La comunicazione tra infermieri territoriali e podologo che operano nelle strutture adibite alle cure primarie, dovrà essere promossa e facilitata: questi potrebbe prestare servizio a domicilio o offrire consulenza qualora l’infermiere lo richieda; inoltre, qualora un paziente si presenti con una lesione ulcerativa da sovraccarico al piede, le suddette figure dovranno collaborare nell’effettuare un nuovo screening, applicare medicazioni, confezionare protezioni e scarichi temporanei e provvedere all’invio alla diabetologia. Oltre alla distribuzione dei pazienti per classe di rischio, l’accesso al servizio territoriale di podologia potrà essere condizionato dalla presenza o meno di determinate risorse e strumentazioni messe a disposizione dalla struttura ospitante e soprattutto dall’area di provenienza e AFT di riferimento del cittadino: infatti, per evitare la creazione di ingenti liste di attesa di soggetti diabetici, solo i pazienti delle AFT/UCCP che prevedono una collaborazione con il podologo territoriale, potranno accederevi; quindi, l’ambulatorio podologico del reparto di diabetologia dovrà mantenere la presa in carico dei pazienti (sia in prevenzione primaria che secondaria) la cui AFT non preveda supporto del podologo adibito alle cure primarie. Nel nuovo assetto delineato e grazie ad una ridistribuzione dei pazienti, potremmo assistere ad un potenziamento del servizio podologico in tutti i suoi aspetti: il podologo che opera presso il centro di secondo/terzo livello avrà l’opportunità di attuare nuovi protocolli di trattamento su piede diabetico (ortoplastia, ortonixia, applicazione di medicazioni su base biomeccanica in collaborazione con gli infermieri, visita e prescrizione di ortesi plantare) o prestare assistenza nei vari presidi ospedalieri (ad esempio nell’Ospedale di Santa Maria Annunziata a Firenze), o promuovere controlli ravvicinati dei suoi pazienti, mentre quello

in carico presso la casa della salute avrà la possibilità di dedicare buona parte del suo orario lavorativo anche a soggetti non diabetici presenti su territorio.
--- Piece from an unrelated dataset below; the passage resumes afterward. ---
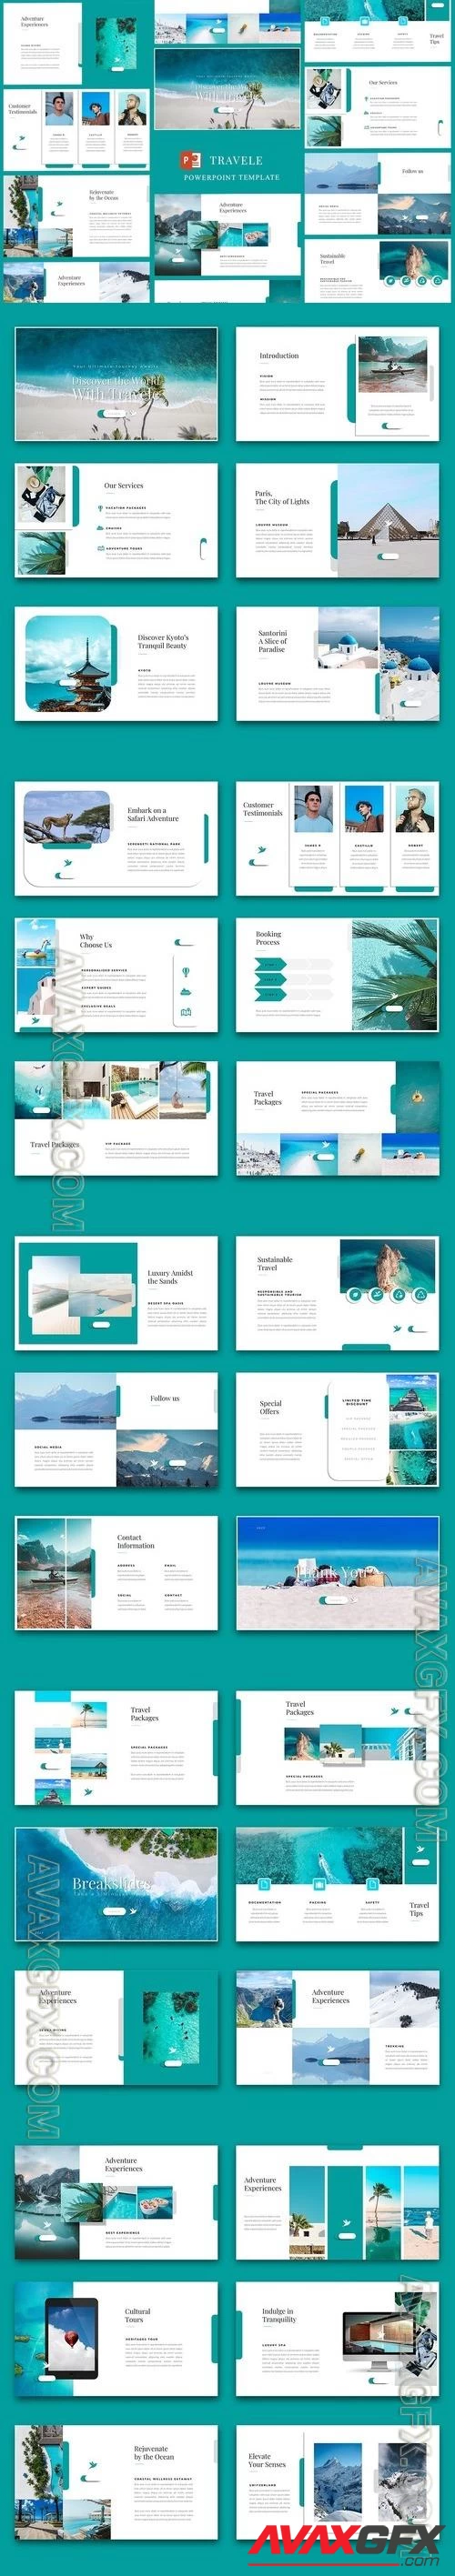 Travele - Travel agency Powerpoint Template [PPTX]
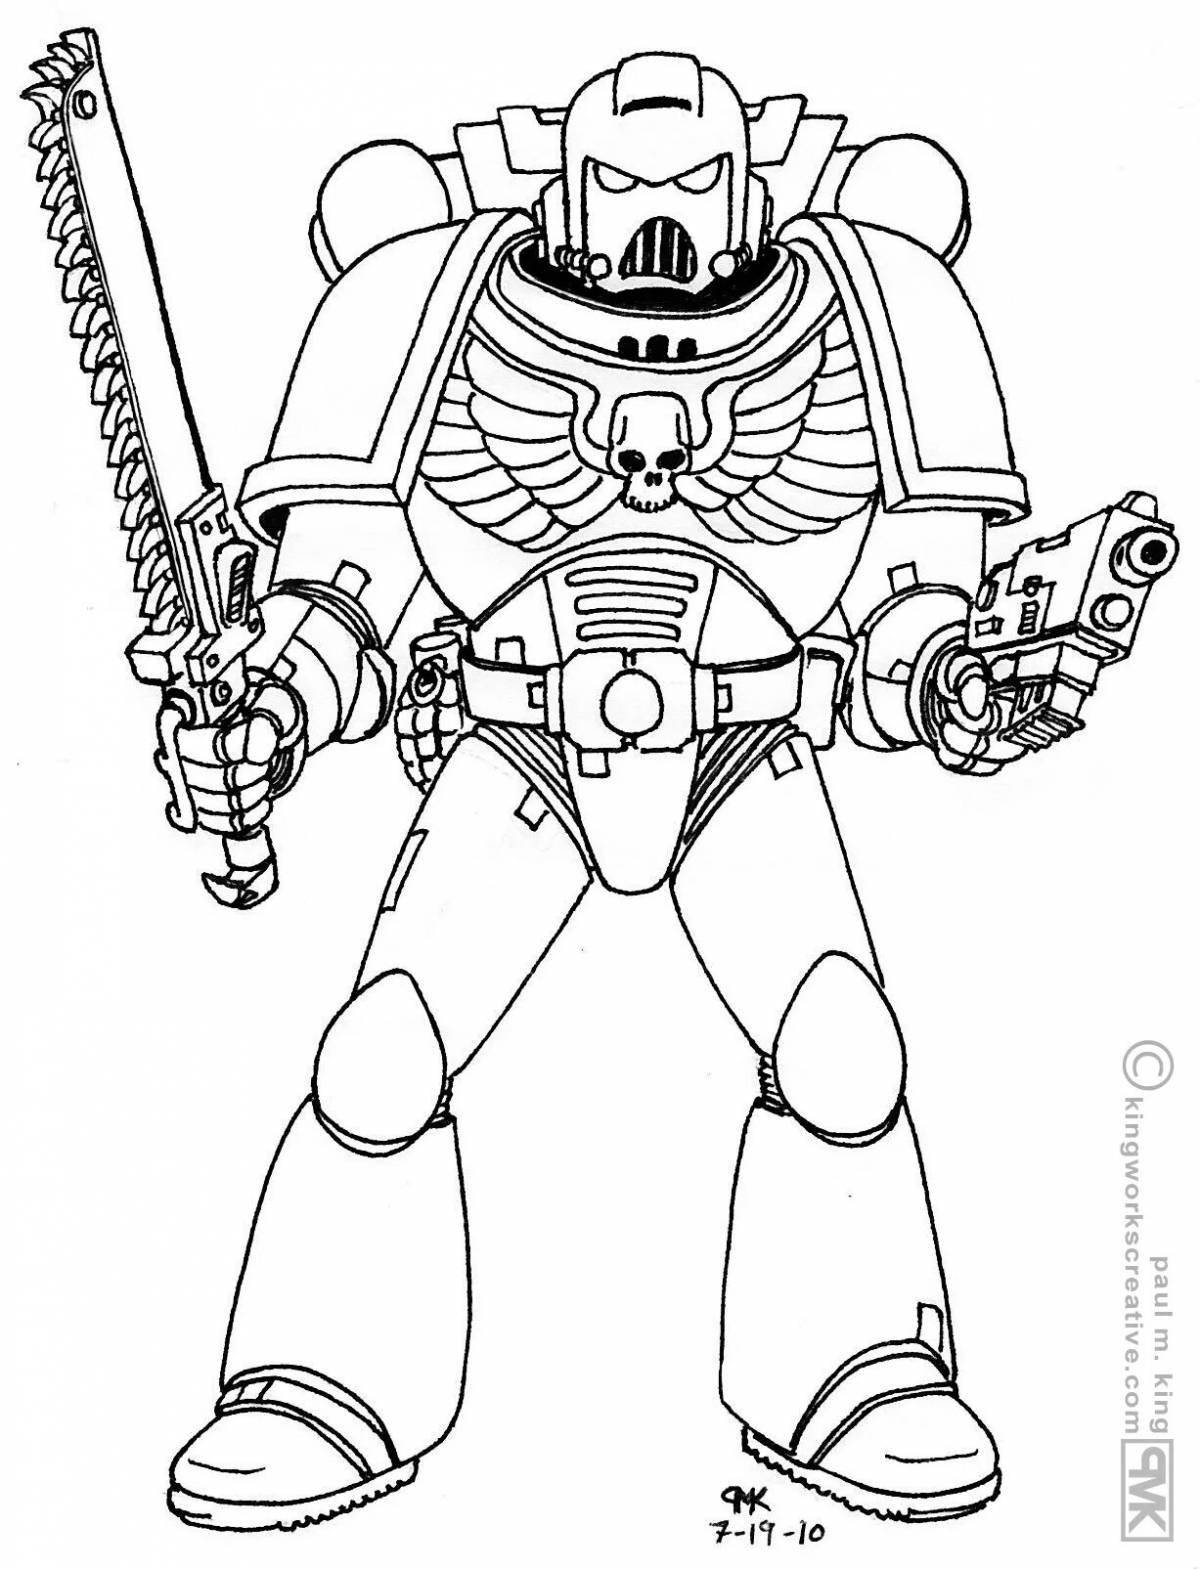 Coloring page happy police robot

La forma assistenziale alle cure primarie, specificata nel contratto di lavoro, può essere di tipo consulenziale, per cui il dipendente podologo ASL offre alcune delle ore di servizio presso le case della salute su richiesta, oppure può essere attivato un concorso che preveda stabilmente la suddetta figura presso tali strutture: in quest’ultimo caso l’interazione tra podologo e territorio sarebbe notevolmente rafforzata e quindi più auspicabile.